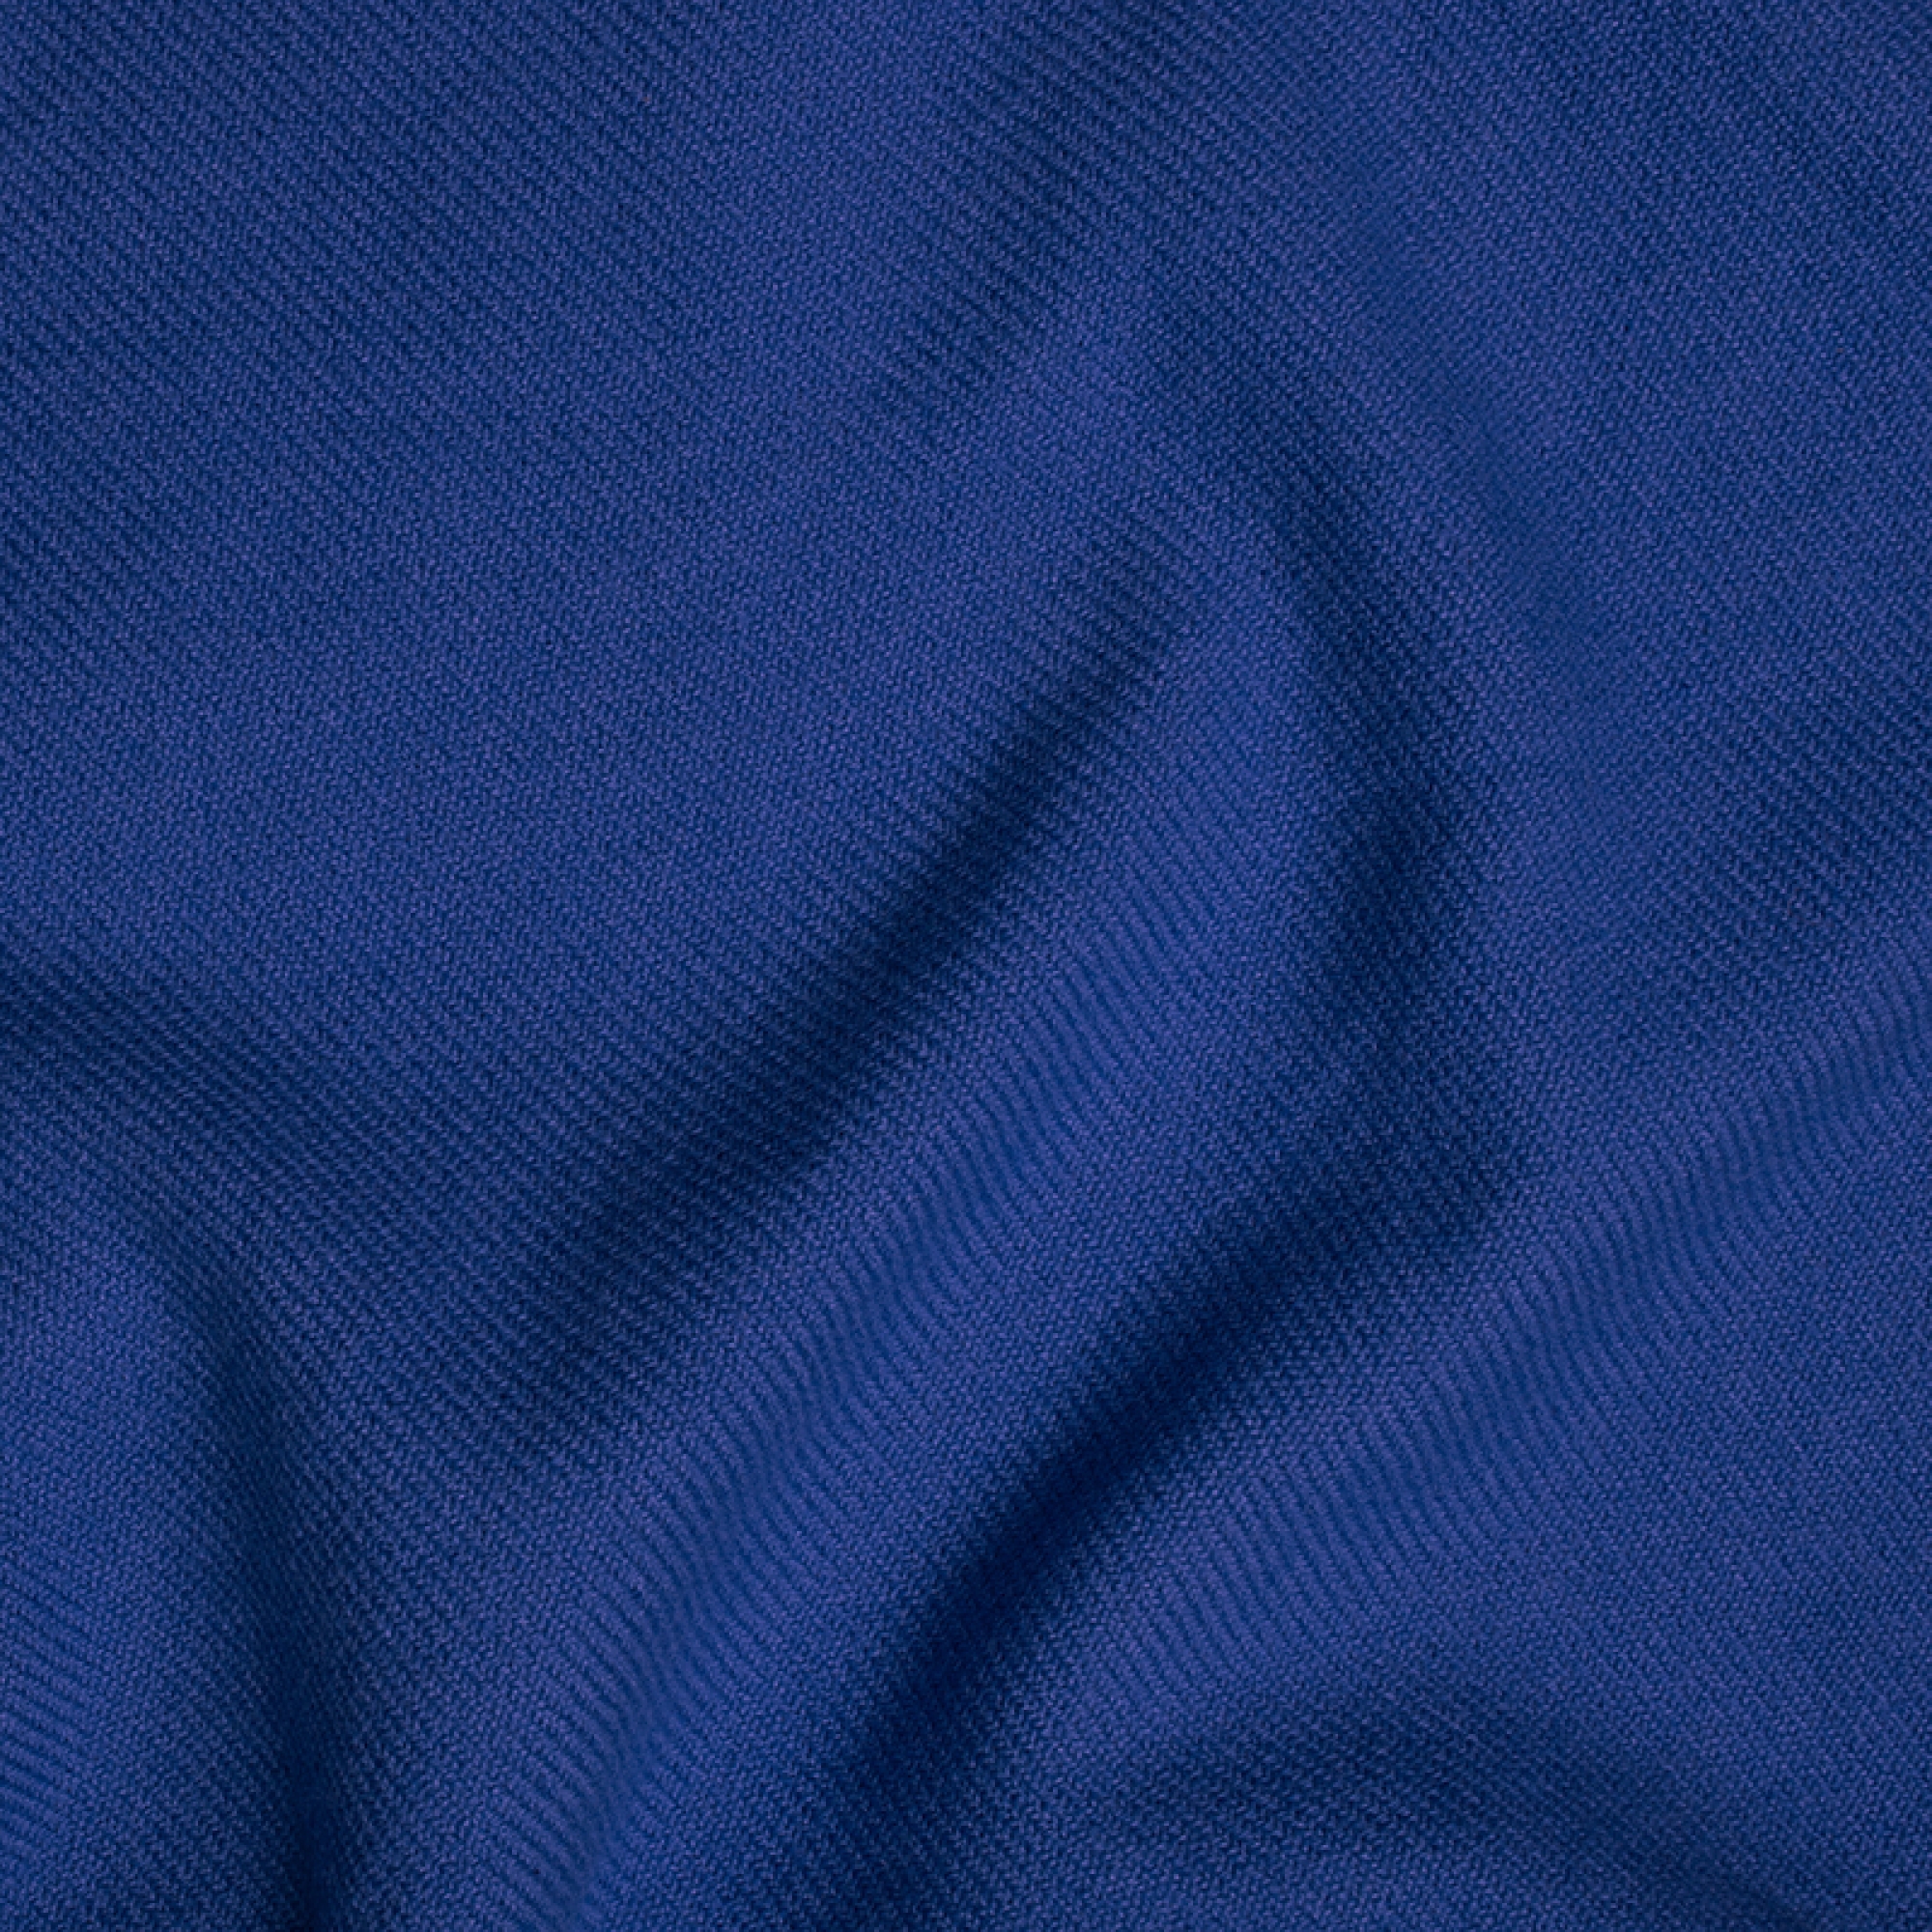 Cachemire pull femme toodoo plain m 180 x 220 bleuet 180 x 220 cm
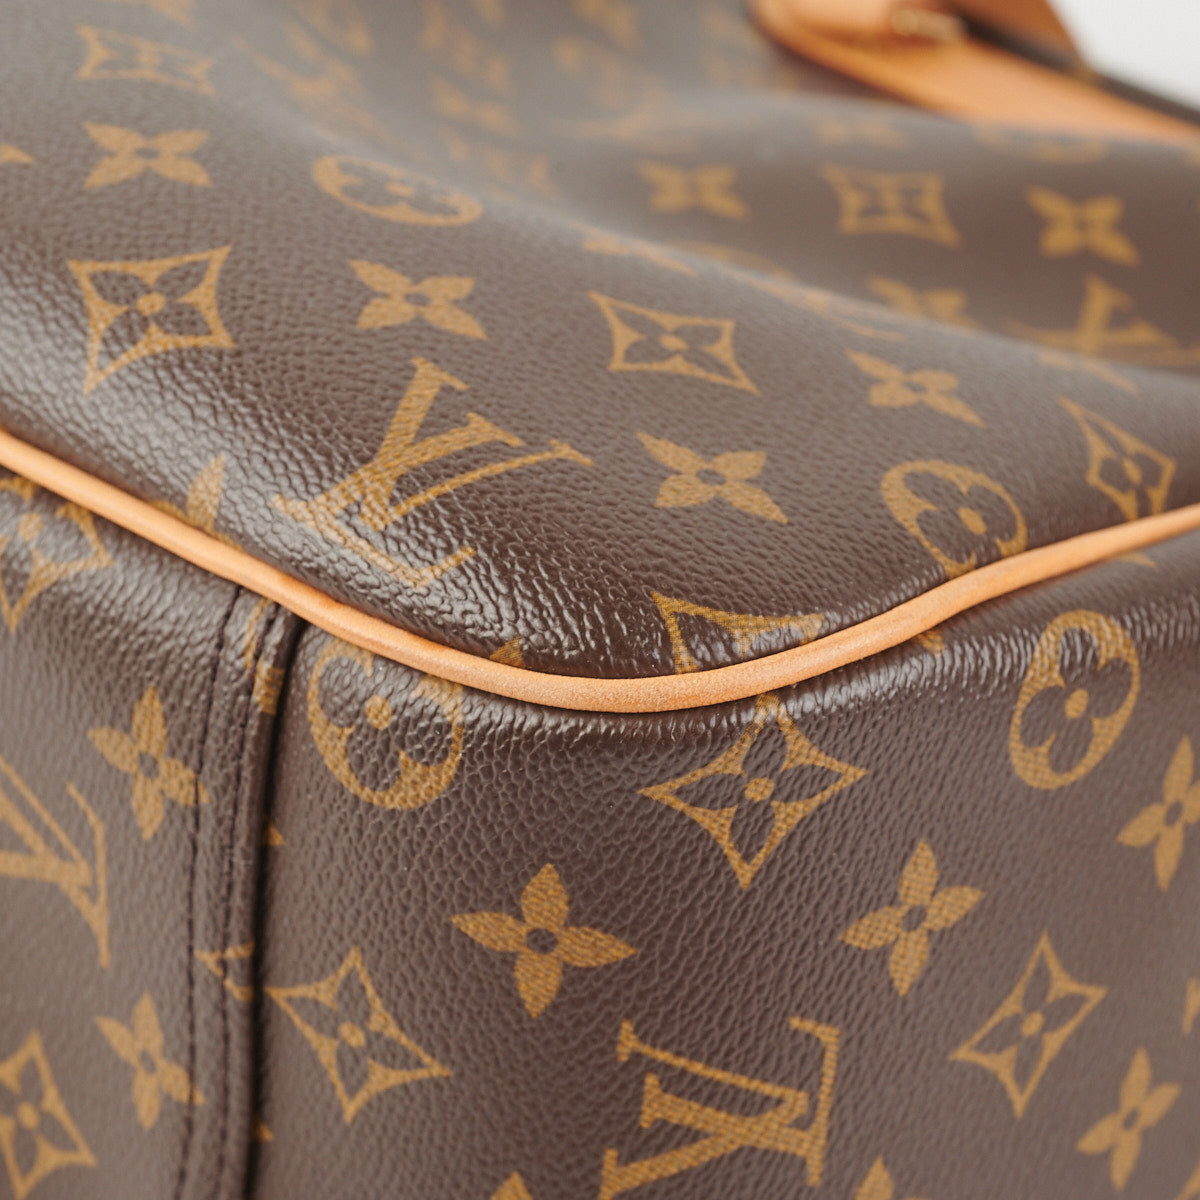 Buy Online Louis Vuitton-MONO EXCURSION SHOE BAG-M41450 in
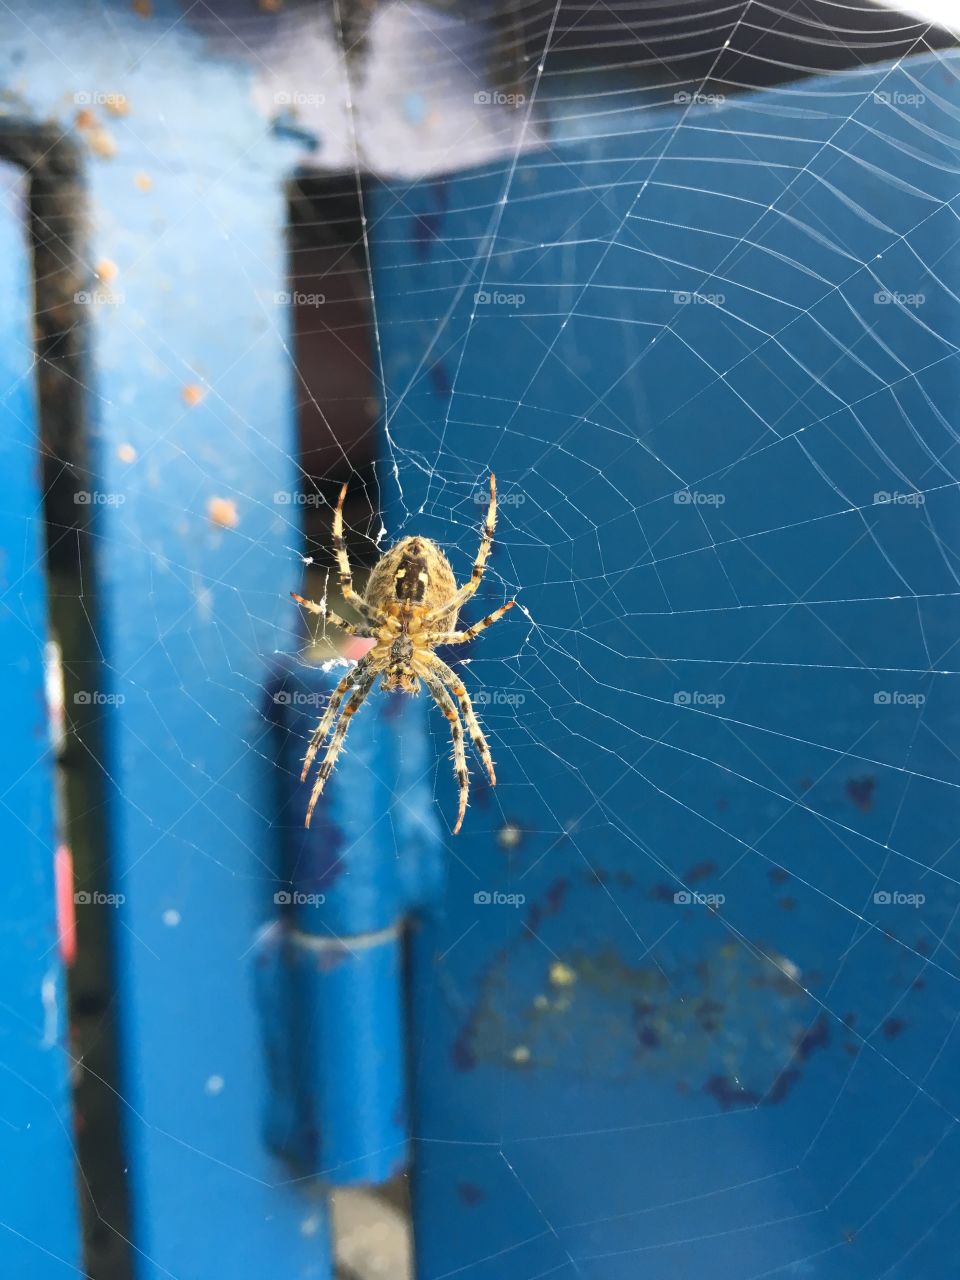 Spider web little gem

**Problem:** Leave the images out and transcribe the remaining data above word for word.

**Your response:**
 Cachemire pull femme toodoo plain m 180 x 220 bleuet 180 x 220 cm
 Buy Online Louis Vuitton-MONO EXCURSION SHOE BAG-M41450 in
 Spider web little gem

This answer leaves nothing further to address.